**REQUIRED ACTION**
Copy the records below exactly, from the line containing "5 Art Deco vases" through the last line, and leave out every picture.

[Opening TASK INPUT section]

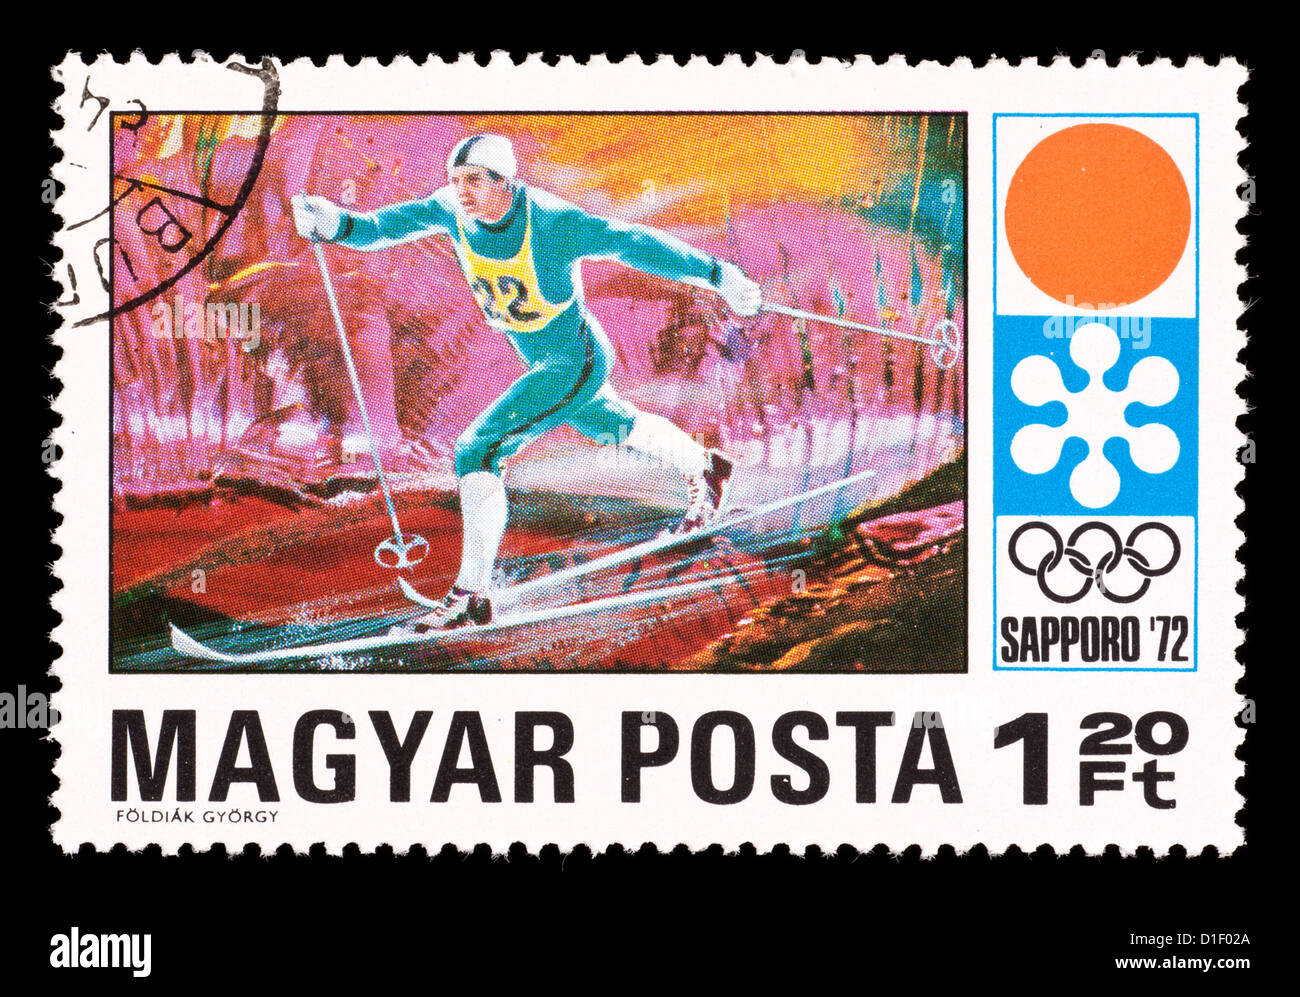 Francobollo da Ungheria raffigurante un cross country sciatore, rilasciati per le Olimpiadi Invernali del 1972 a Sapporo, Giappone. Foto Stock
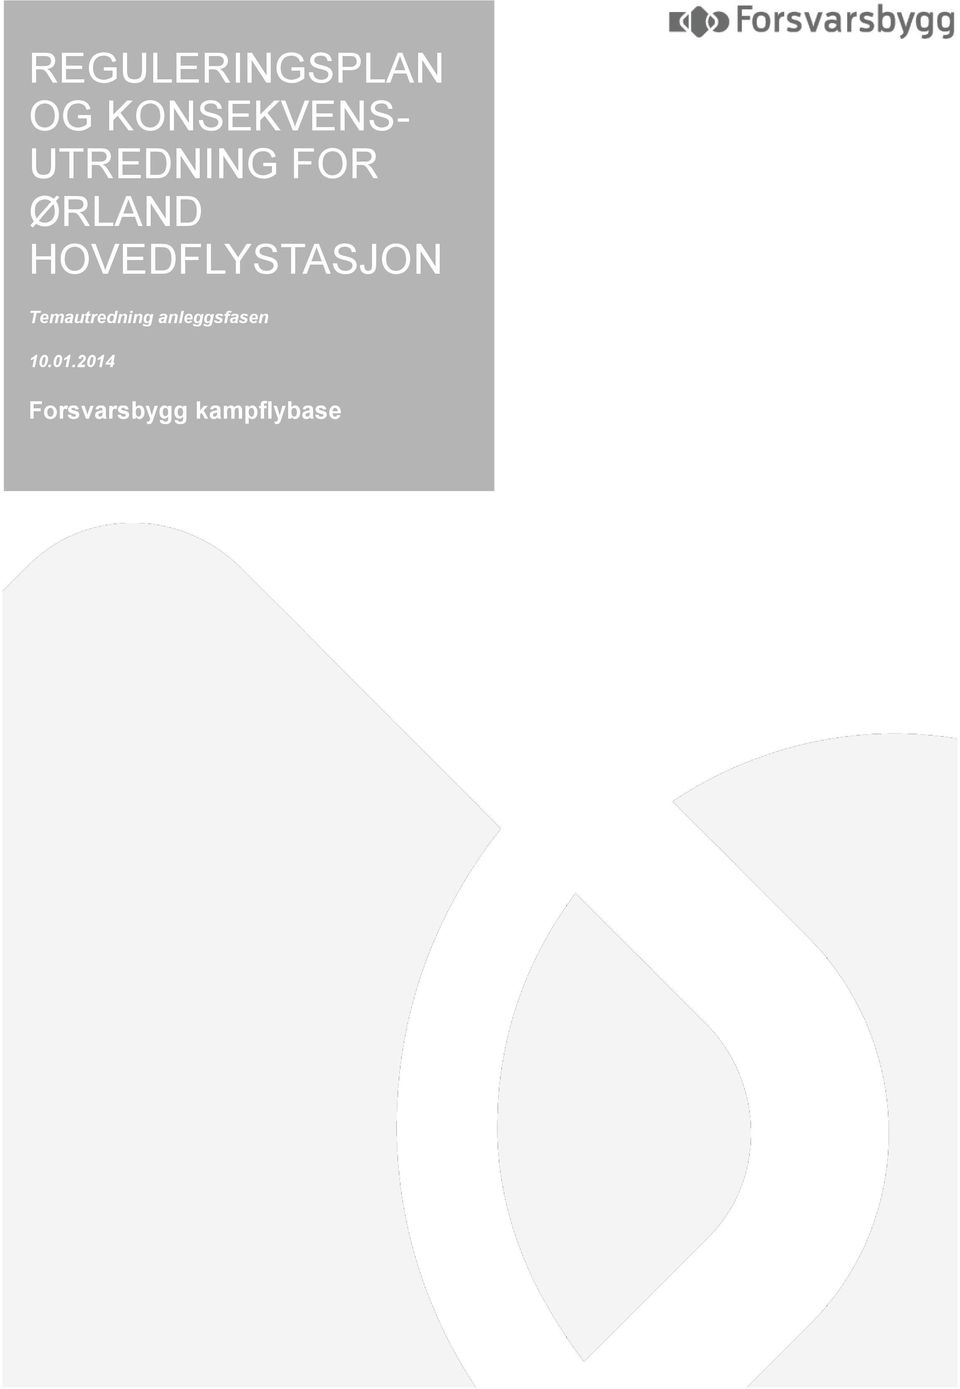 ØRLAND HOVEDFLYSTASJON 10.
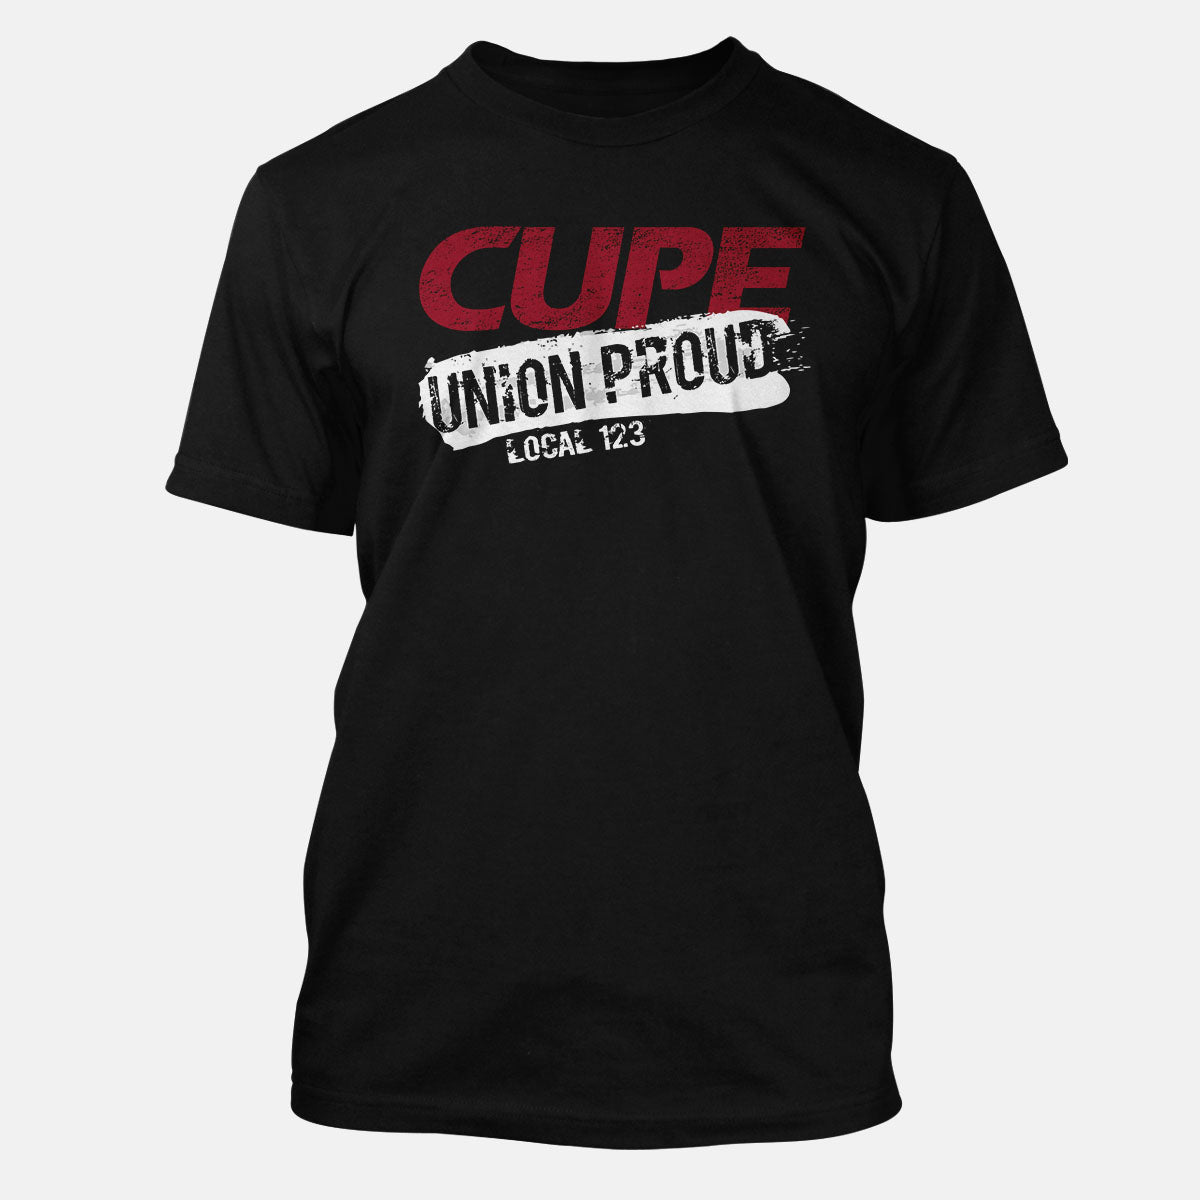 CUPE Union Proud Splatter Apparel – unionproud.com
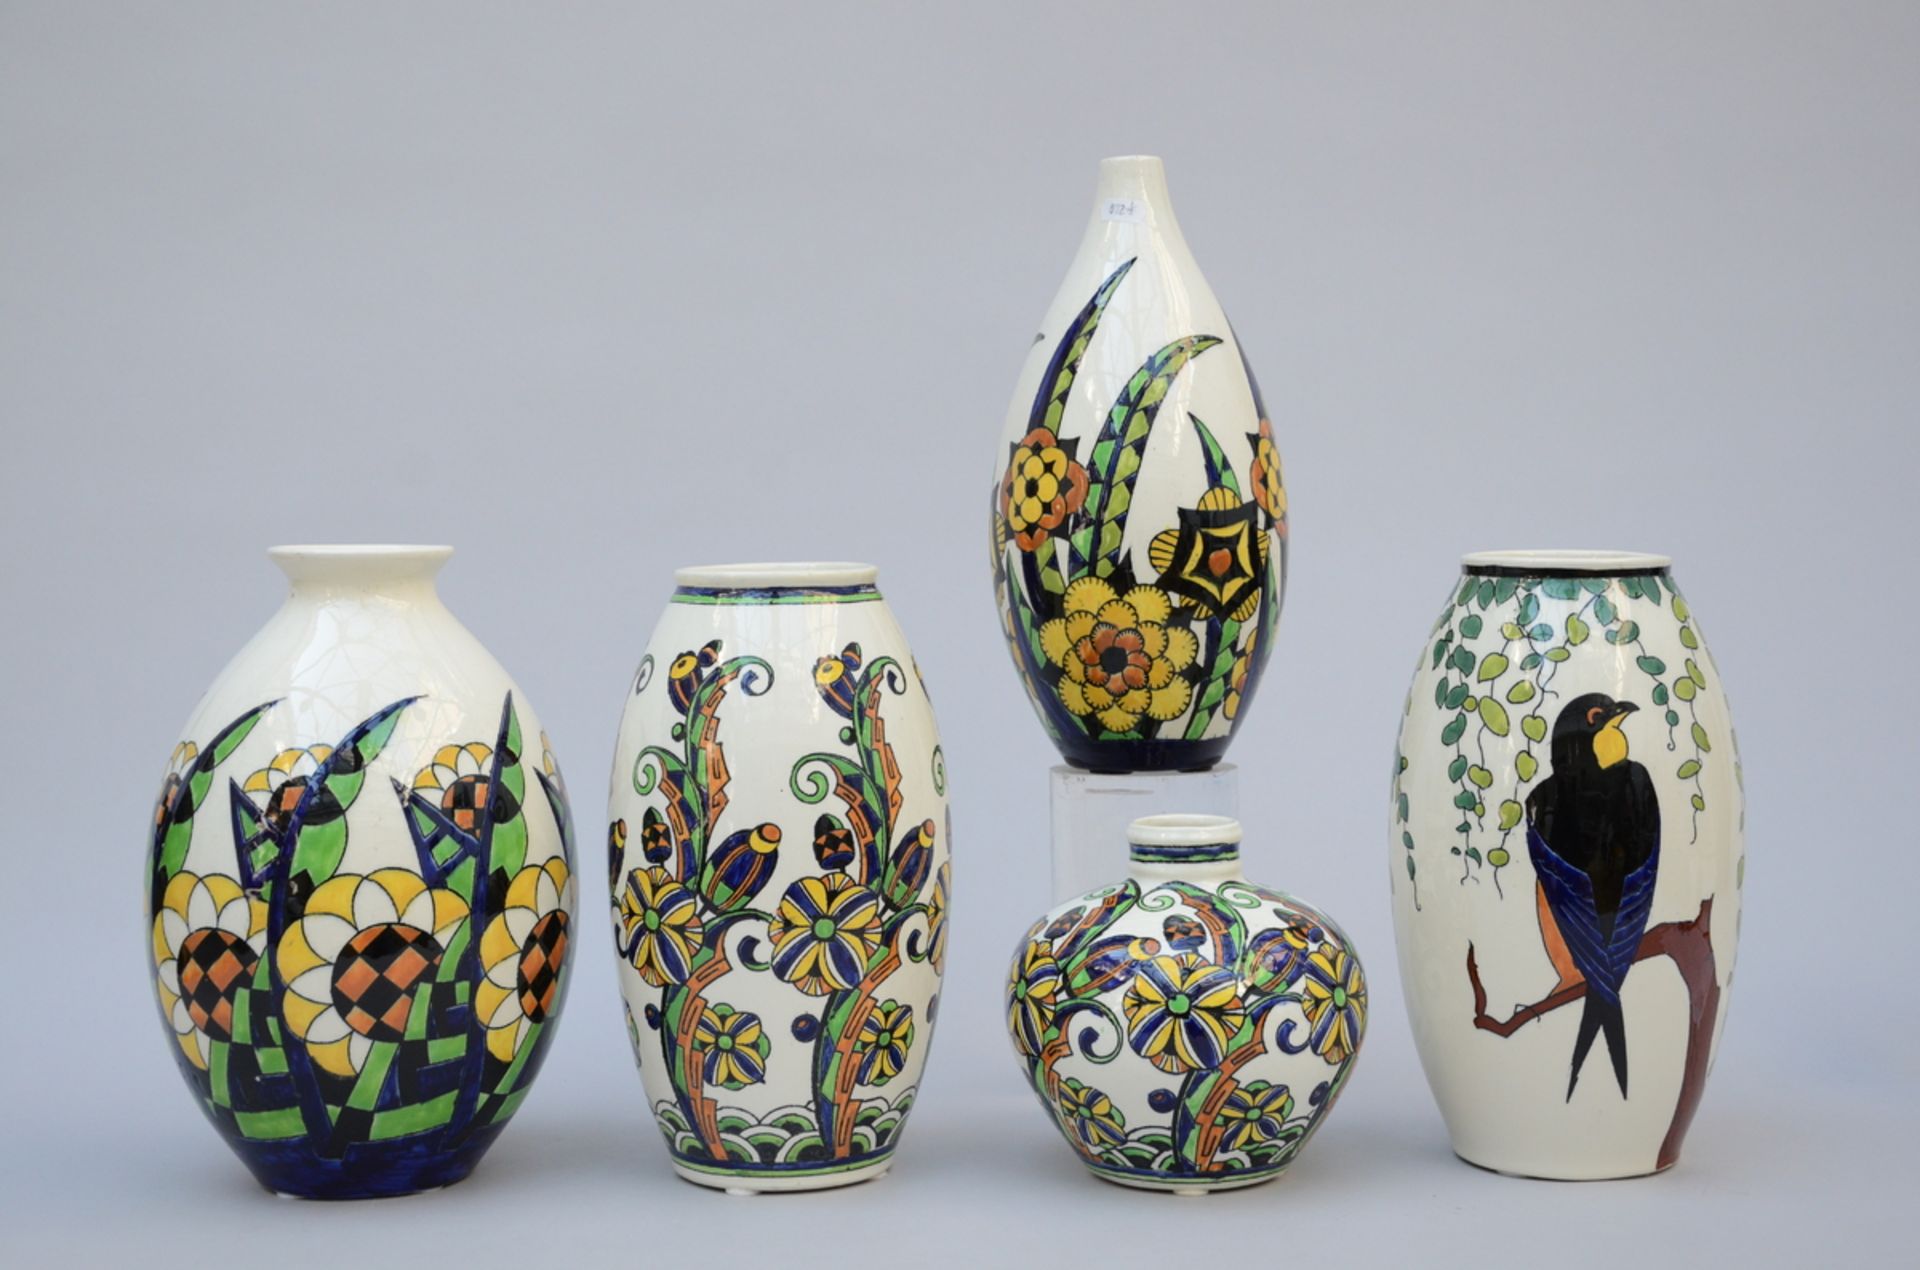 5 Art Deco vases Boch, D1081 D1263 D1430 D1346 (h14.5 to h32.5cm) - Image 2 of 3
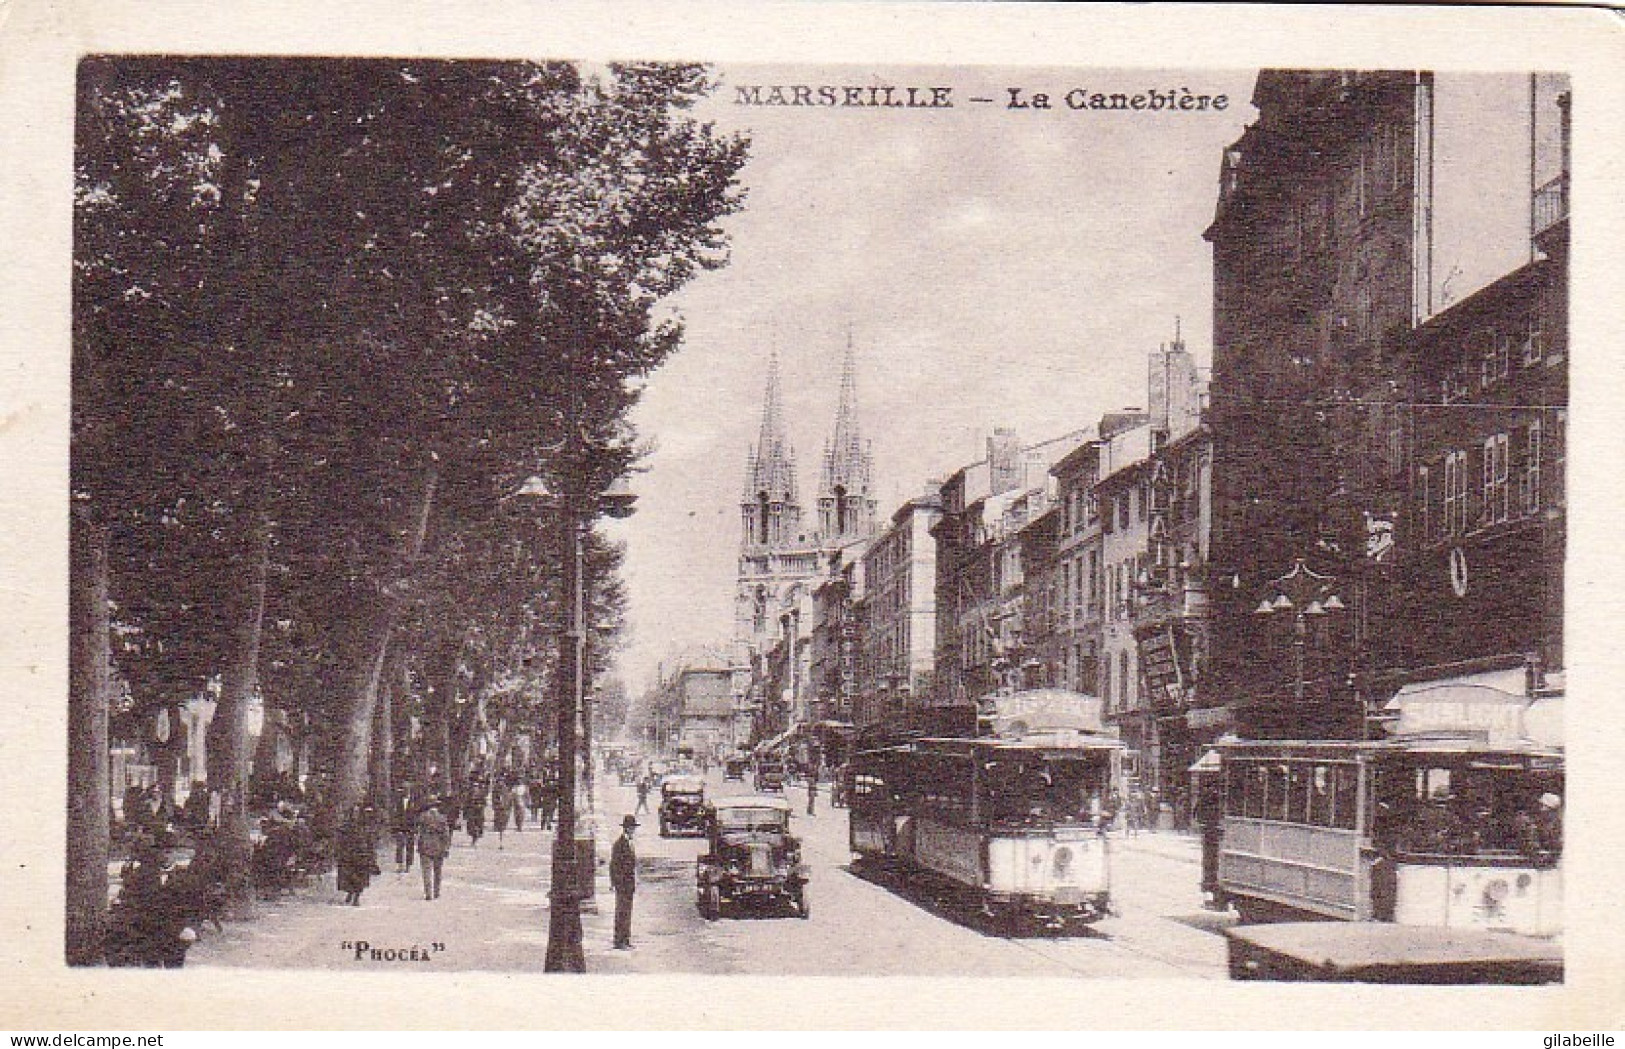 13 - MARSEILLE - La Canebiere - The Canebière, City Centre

[Closing TASK INPUT section]

**SOLUTION TO THIS EXERCISE**
 5 Art Deco vases Boch, D1081 D1263 D1430 D1346 (h14.5 to h32.5cm) - Image 2 of 3
 13 - MARSEILLE - La Canebiere - The Canebière, City Centre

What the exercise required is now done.